#### Problem description:
Look below for the line with "Losing my mind: Small business" and the line with "wired xbox one controller"; repeat exactly those two lines and all lines between them, but no pictures.

··· Provided data ···

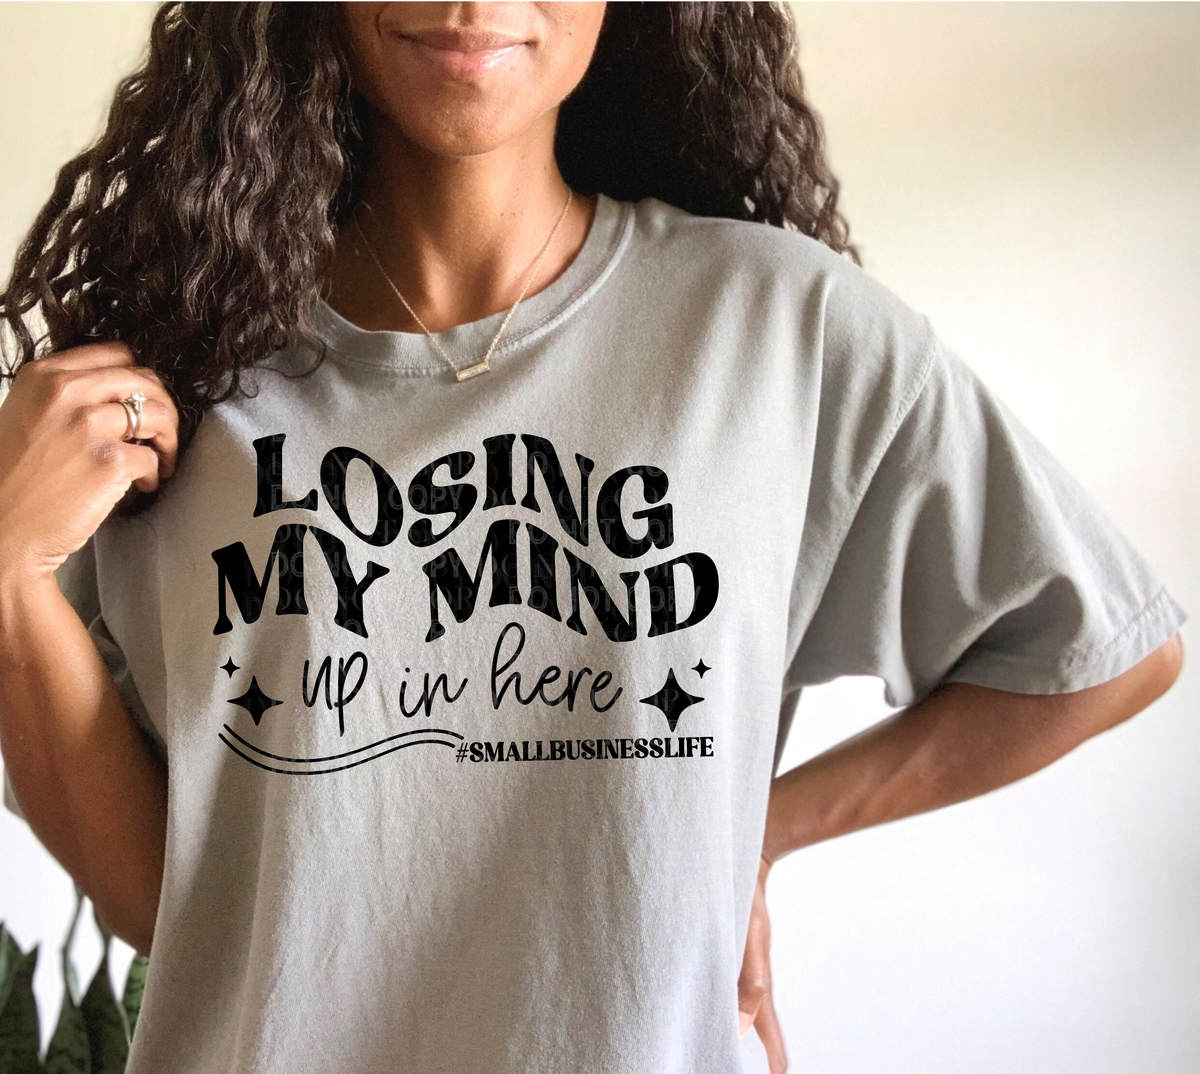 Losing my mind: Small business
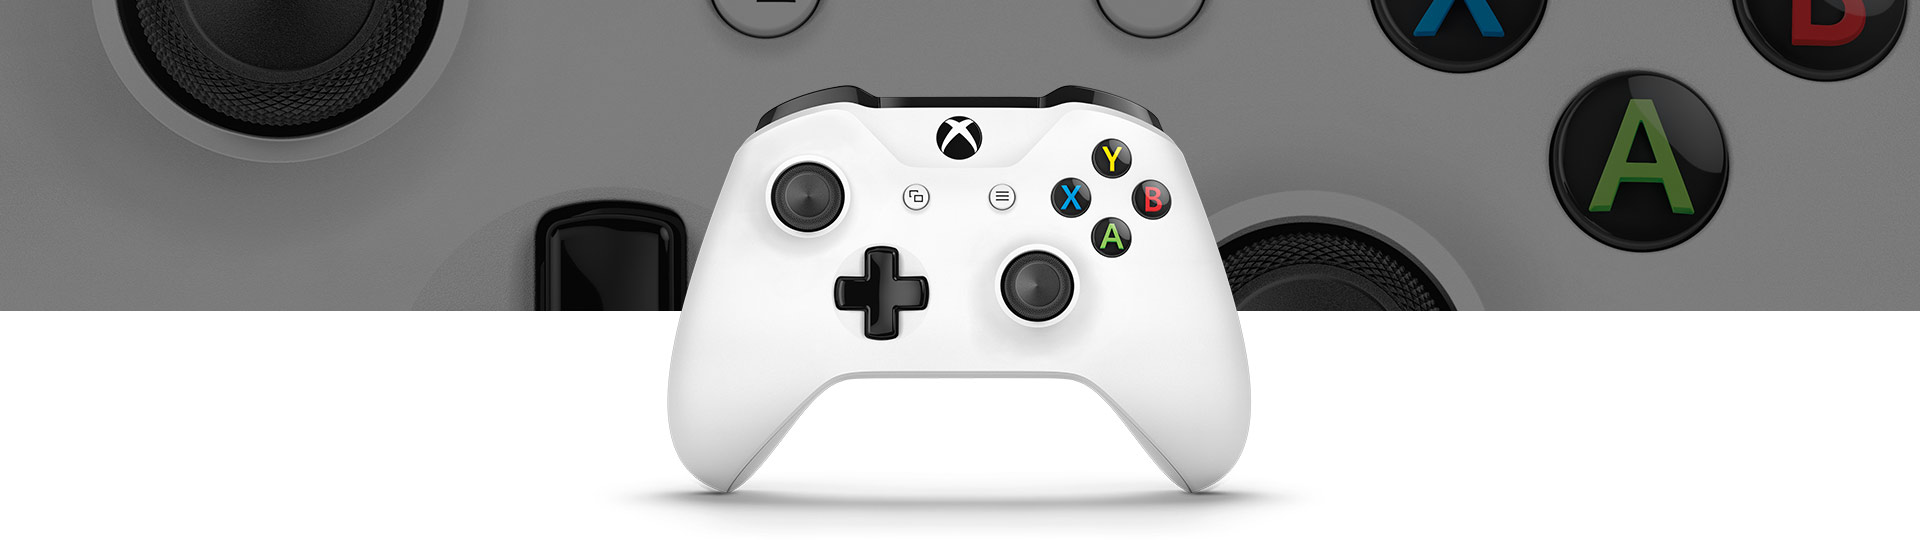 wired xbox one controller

···
··· Provided data ···

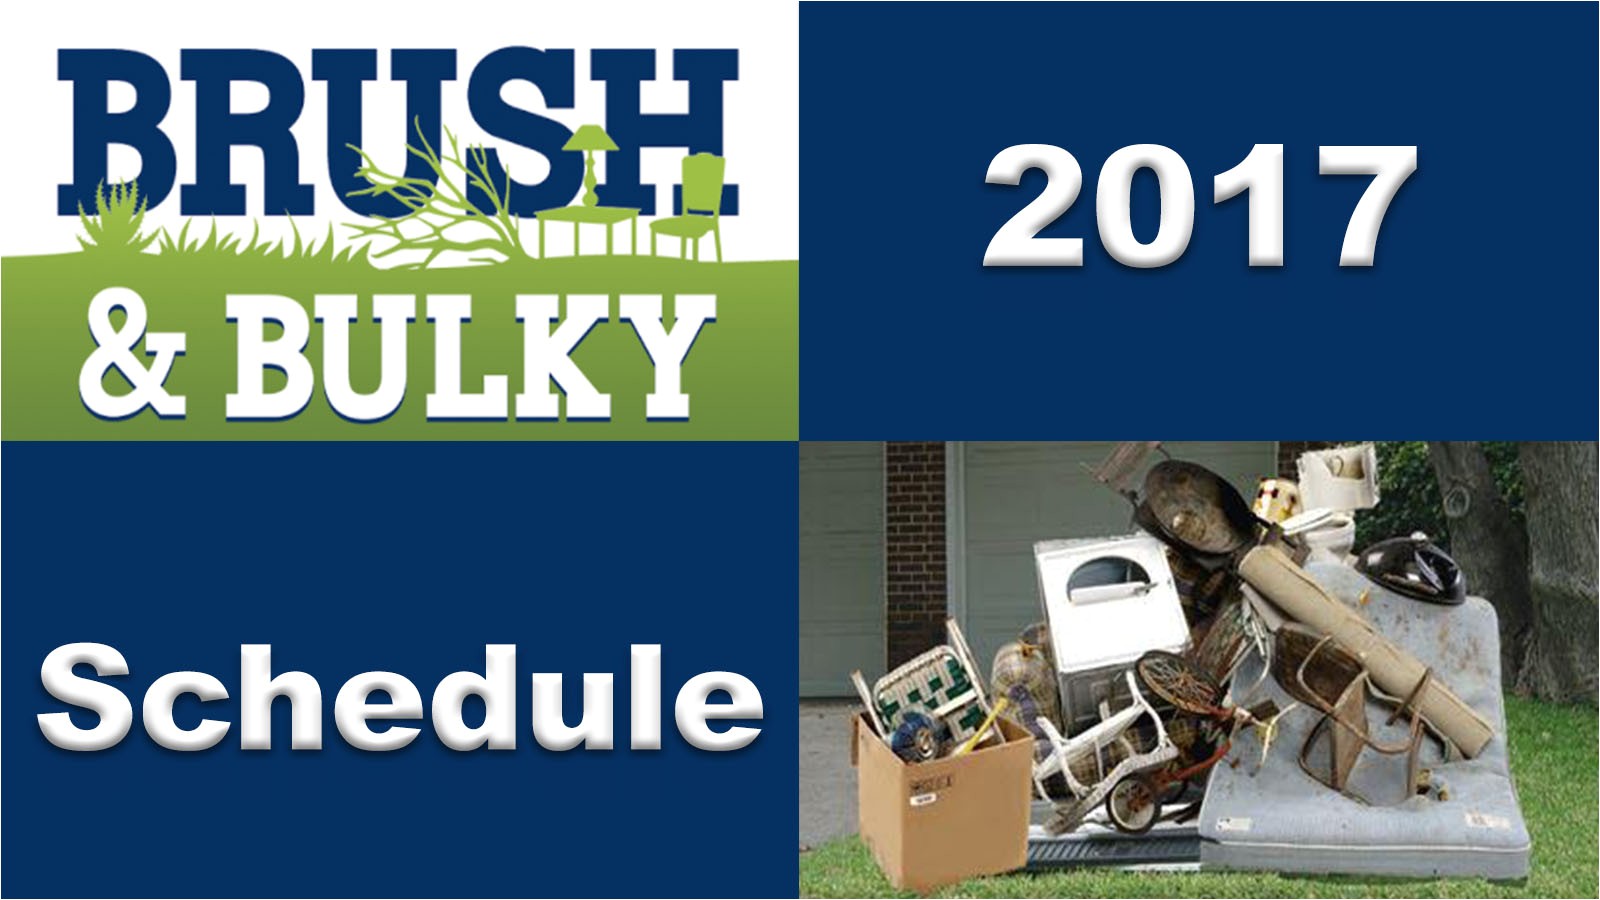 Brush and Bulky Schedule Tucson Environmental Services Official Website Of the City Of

···

#### Result of this task:
 Losing my mind: Small business
 wired xbox one controller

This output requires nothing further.